Character Beyond Speech: Leveraging Role-Playing Evaluation in Audio Large Language Models via Reinforcement Learning

超越言语的性格：通过强化学习在音频大型语言模型中利用角色扮演评估

Authors: Dongjie Fu, Fangming Feng, Xize Cheng, Linjun Li, Zhou Zhao, Tao Jin
Subjects: Subjects: Machine Learning (cs.LG)
Arxiv link: https://arxiv.org/abs/2604.13804
Pdf link: https://arxiv.org/pdf/2604.13804
Abstract The rapid evolution of multimodal large models has revolutionized the simulation of diverse characters in speech dialogue systems, enabling a novel interactive paradigm.
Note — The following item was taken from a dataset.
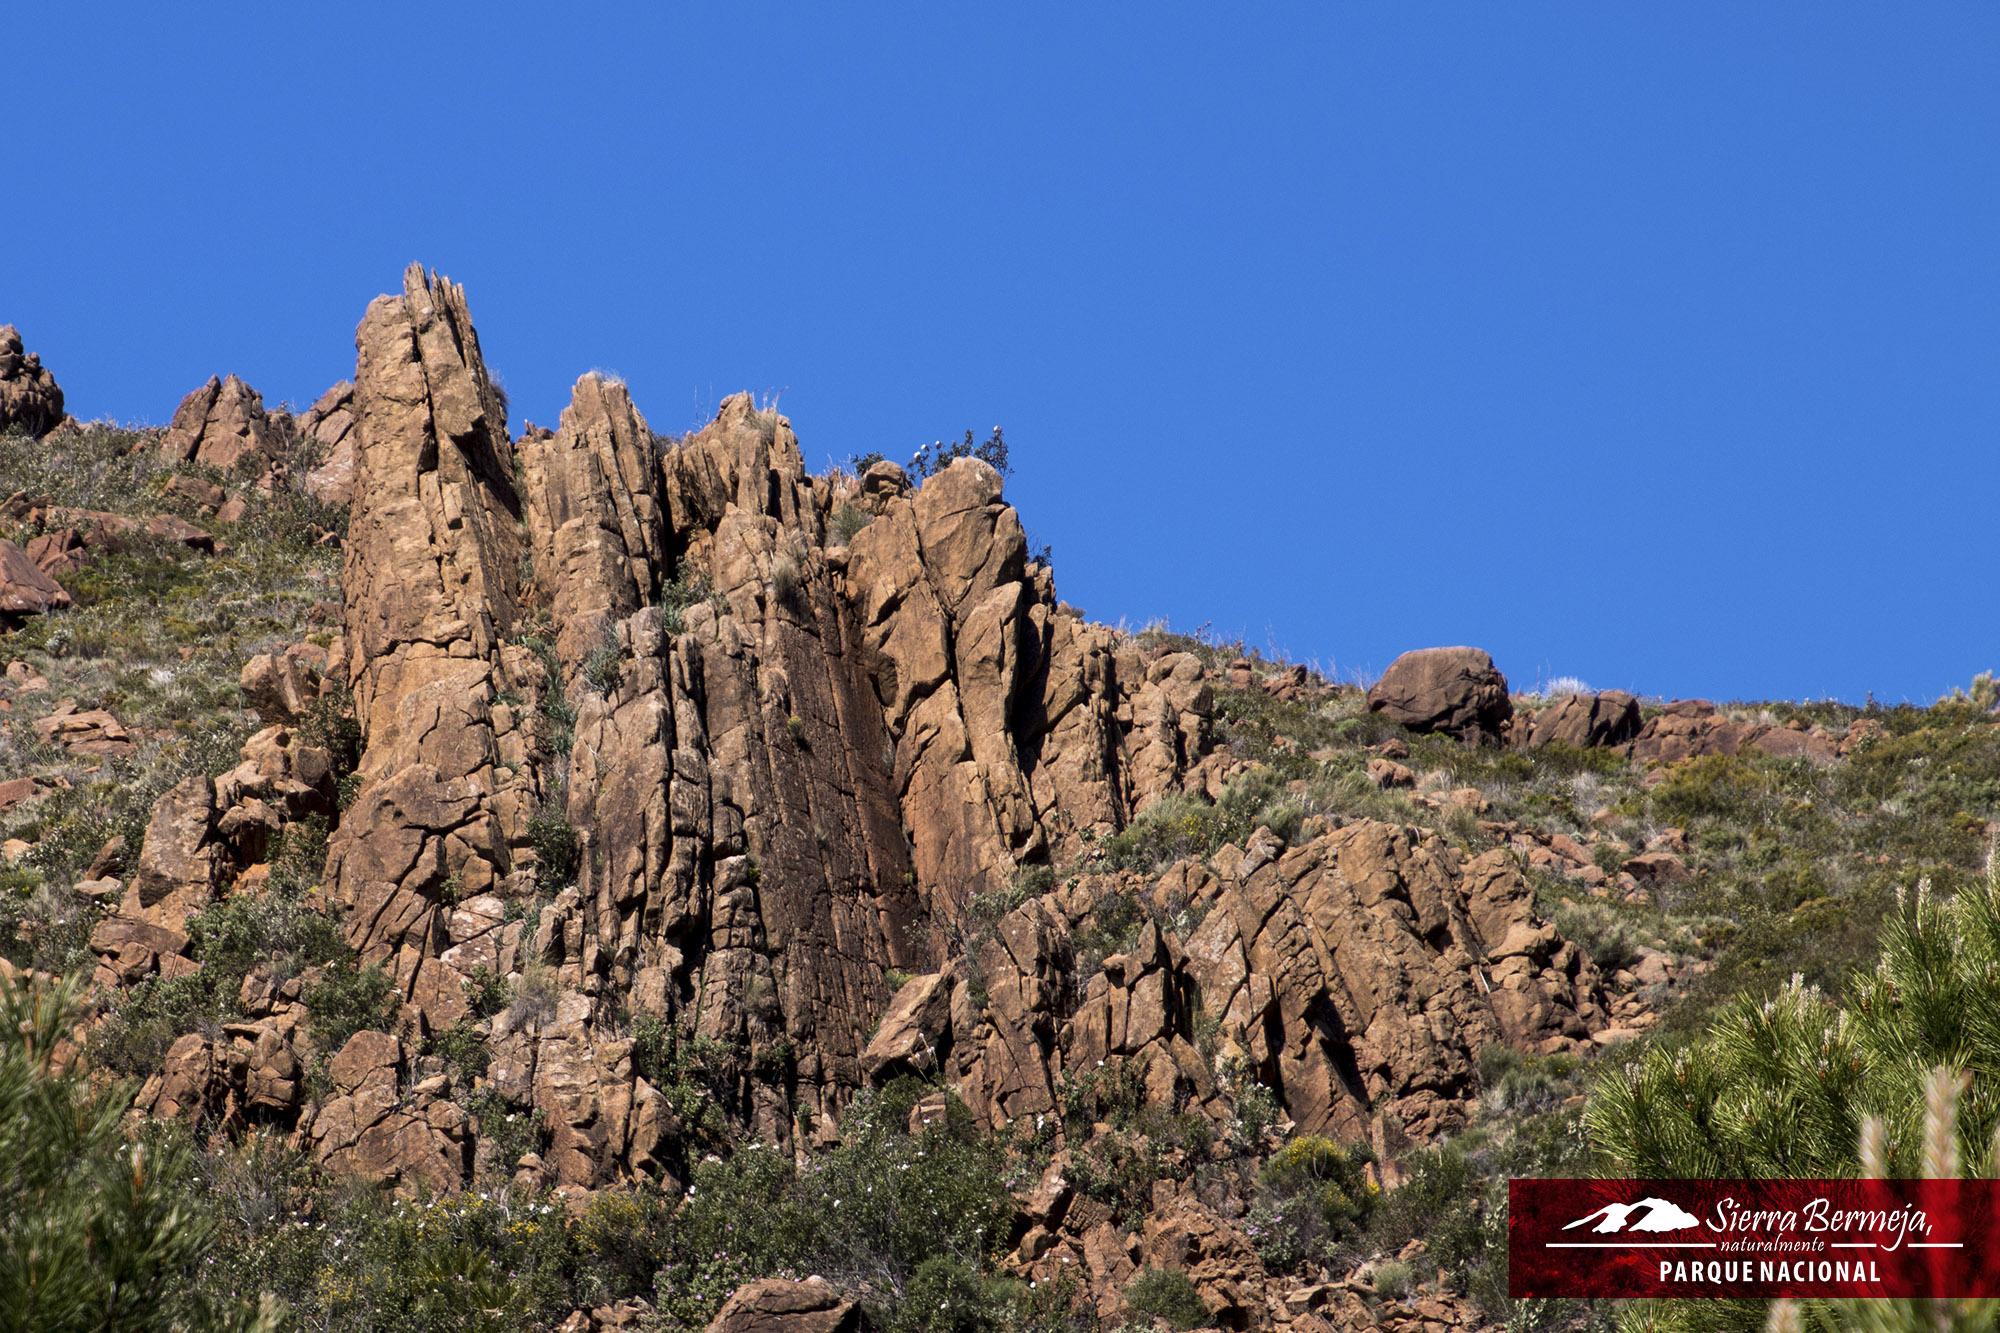 Las peridotitas de Sierra Bermeja. La mejor representación de los ecosistemas serpentínicos en España

Character attributes are manifested not only in textual responses but also through vocal features, as speech conveys rich paralinguistic information that is challenging to quantify. This poses significant difficulties in evaluating the character alignment of role-playing agents. To address these challenges, we present RoleJudge, an evaluation framework that leverages audio large language models to systematically assess the alignment between speech and character across multiple modalities and dimensions. Furthermore, we introduce RoleChat, the first voice role-playing evaluation dataset enriched with chain-of-thought reasoning annotations, comprising a diverse set of authentic and LLM-generated speech samples. Utilizing this dataset, we implement a multi-stage training paradigm and incorporate Standard Alignment in reinforcement learning to mitigate reward misalignment during optimization. Experimental results in terms of accuracy and subjective assessment demonstrate that RoleJudge outperforms various baseline models, validating the effectiveness of our multidimensional evaluation framework.
中文摘要 多模态大型模型的快速演进彻底改变了语音对话系统中多样角色的模拟，开启了一种新的交互范式。性格特征不仅体现在文本回应中，也通过语音特征体现，因为语音传递的丰富副语言信息难以量化。这在评估角色扮演代理的角色阵营时带来了重大困难。为应对这些挑战，我们推出了RoleJudge，这是一个评估框架，利用音频大型语言模型系统性评估语音与性格在多种模态和维度上的对齐情况。此外，我们还介绍了RoleChat，这是首个充满思维链推理注释的语音角色扮演评估数据集，包含多样的真实性和大型语言模型生成的语音样本。利用该数据集，我们实现了多阶段训练范式，并在强化学习中融入标准对齐，以减轻优化过程中的奖励错位。实验结果显示，准确性和主观评估方面，RoleJudge优于多种基线模型，验证了我们多维评估框架的有效性。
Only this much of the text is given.